9. A disentangled system (110) for cross-lingual adaptation using disentangled syntax and shared conceptual latent space for low-resource natural languages, the disentangled system (110) comprising:

a processor (202);

a memory (204) coupled to the processor (202), wherein the memory (204) comprises processor-executable instructions, which on execution, causes the processor (202) to:

convert one or more multi-lingual sentences received from a user (102), to one or more linearized constituency parse trees, wherein the linearized constituency parse trees comprise one or more leaf nodes;

mask the one or more leaf nodes in the linearized constituency parse tree to separate semantic information in the one or more multi-lingual sentences;

pass the linearized constituency parse tree with the masked one or more leaf nodes, to a syntactic encoder for disentangling syntactic information in the one or more multi-lingual sentences;

determine, from the syntactic information, if the one or more multi-lingual sentences comprise a new language to be learned, and the new language comprises at least one of a new script relatively to a pre-existing language in a language model and a unique script with similarities in sentence structure corresponding to the pre-existing language;

transliterate, when the new language to be learned comprises the unique script, the syntactic information to the pre-existing language, wherein the transliteration comprises applying an adaptation process to the transliteration and a pseudo translation for the new language adaptation in a low resource scenario;

determine a conceptual similarity between the new language and the pre-existing language, upon the transliteration; and

output a conceptual understanding based on the determined conceptual similarity between the new language and the pre-existing language.

10. The disentangled system (110) as claimed in claim 9, wherein, when the linearized constituency parse tree is not converted for low-resource natural languages, the sentence is directly passed to the syntactic encoder with auxiliary loss functions for disentanglement.
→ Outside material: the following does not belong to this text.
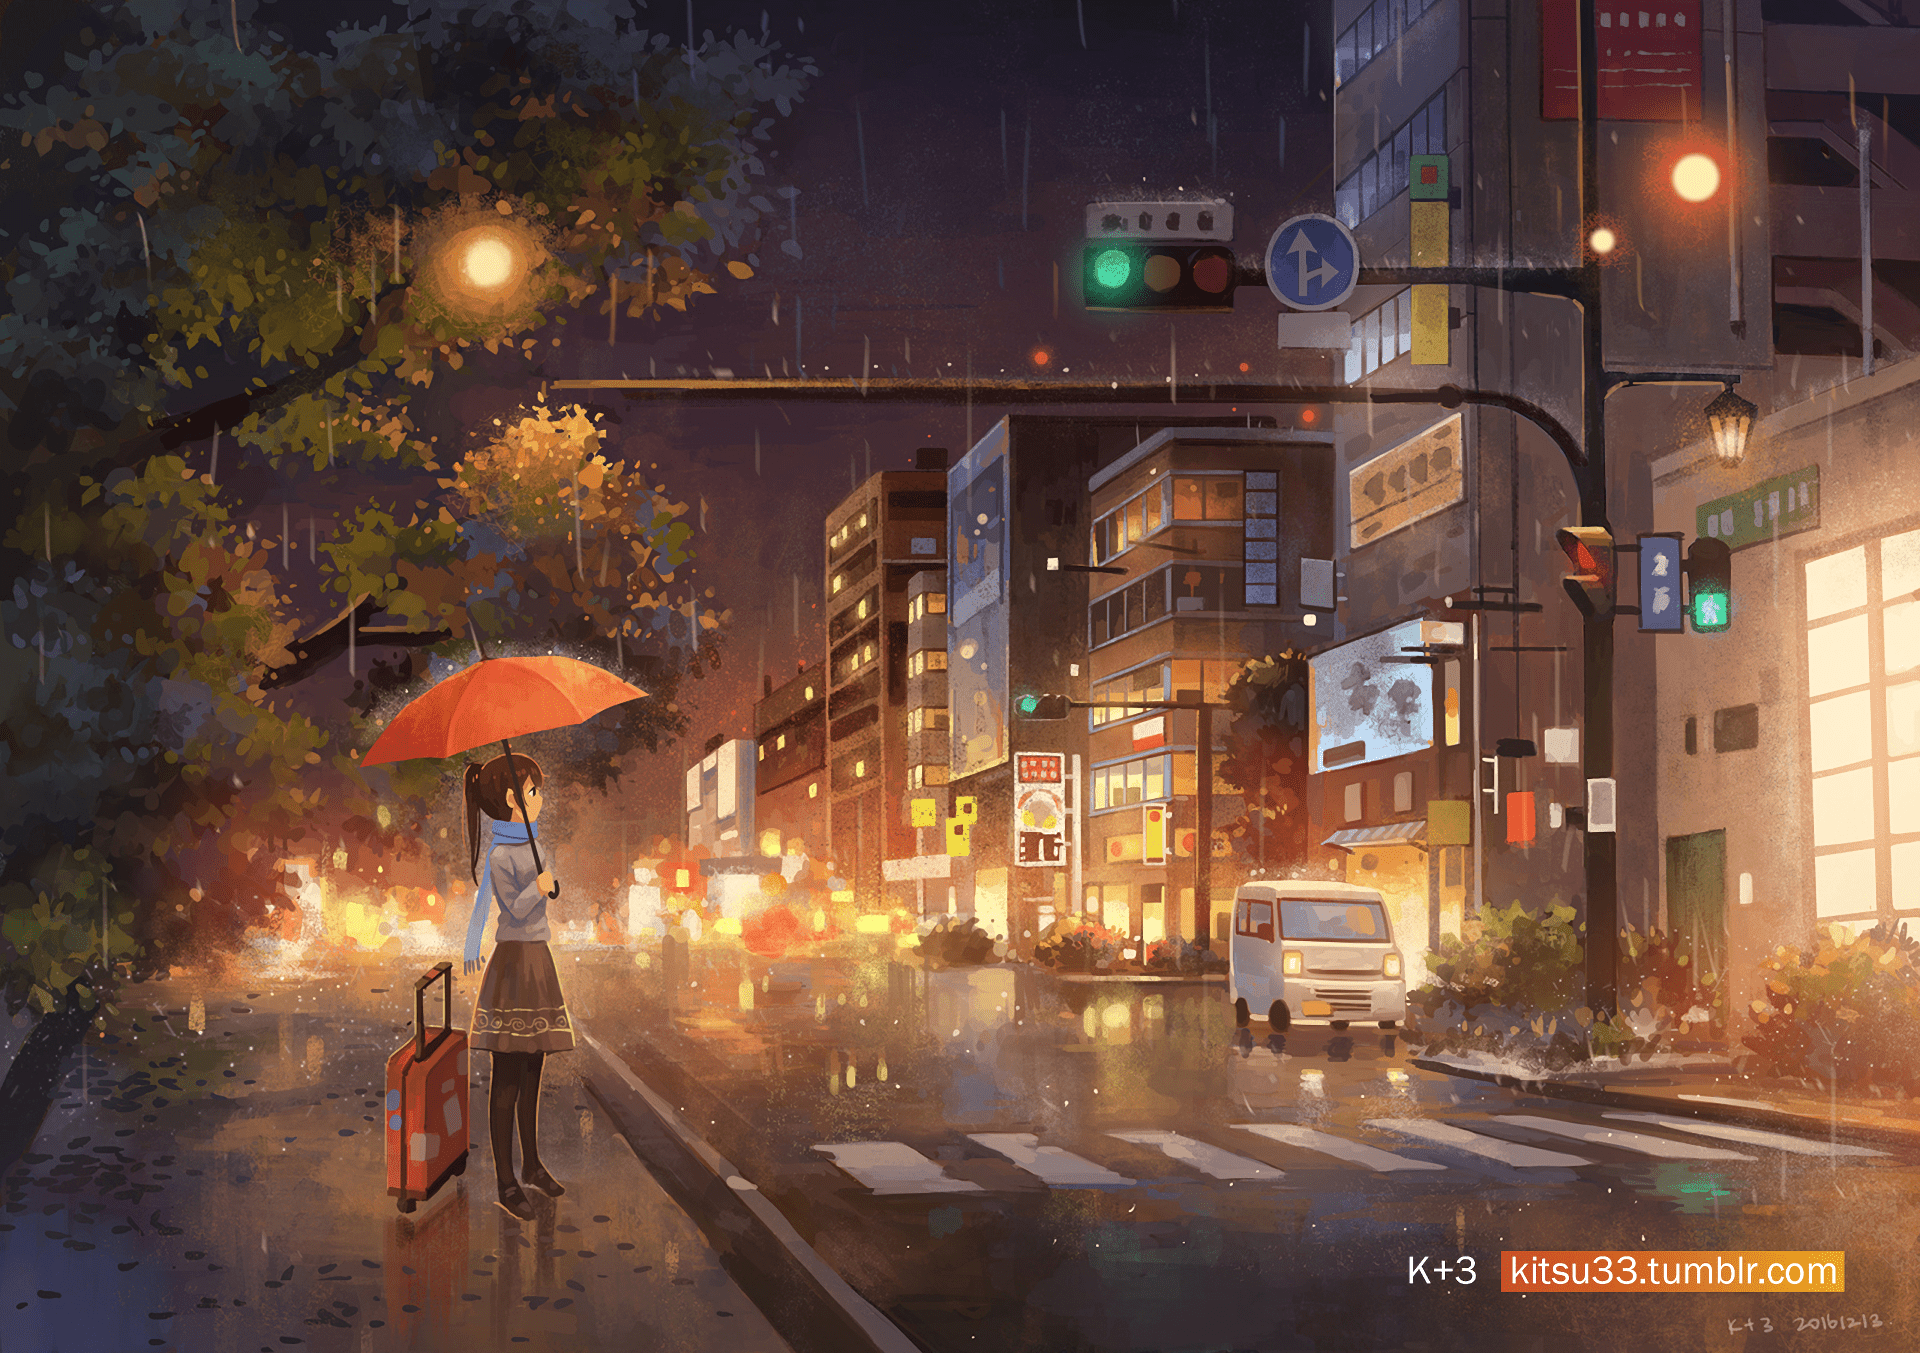 A digital painting of a woman with an umbrella standing on a street corner - Anime city

11. The disentangled system (110) as claimed in claim 9, wherein the transliteration and pseudo translation are performed to adjust the syntactic encoder to alignment loss for the new language, by building on a historical knowledge of a known language, and a related language.

12. The disentangled system (110) as claimed in claim 9, wherein the semantic information is held constant as the representation is already language invariant, which is used to reconstruct a sentence in the new language by learning respective syntactic information of the new language.

13. The disentangled system (110) as claimed in claim 9, wherein the auxiliary loss functions are based on marginal log-likelihood cross-lingual reconstruction and posterior distribution in the known language.

14. The disentangled system (110) as claimed in claim 9, wherein the natural languages are suited using a modified attentive code position loss, wherein the natural languages are aligned using a syntactic attention mechanism.

15. The disentangled system (110) as claimed in claim 9, wherein, for the new language a specific linguistic rules/features, informs syntax adaptation, and semantic space is used to align conceptual understanding.

16. The disentangled system (110) as claimed in claim 9, wherein the disentangling semantic information is language invariant and the syntactic information is language-specific, which is based on a pre-trained cross-lingual language model.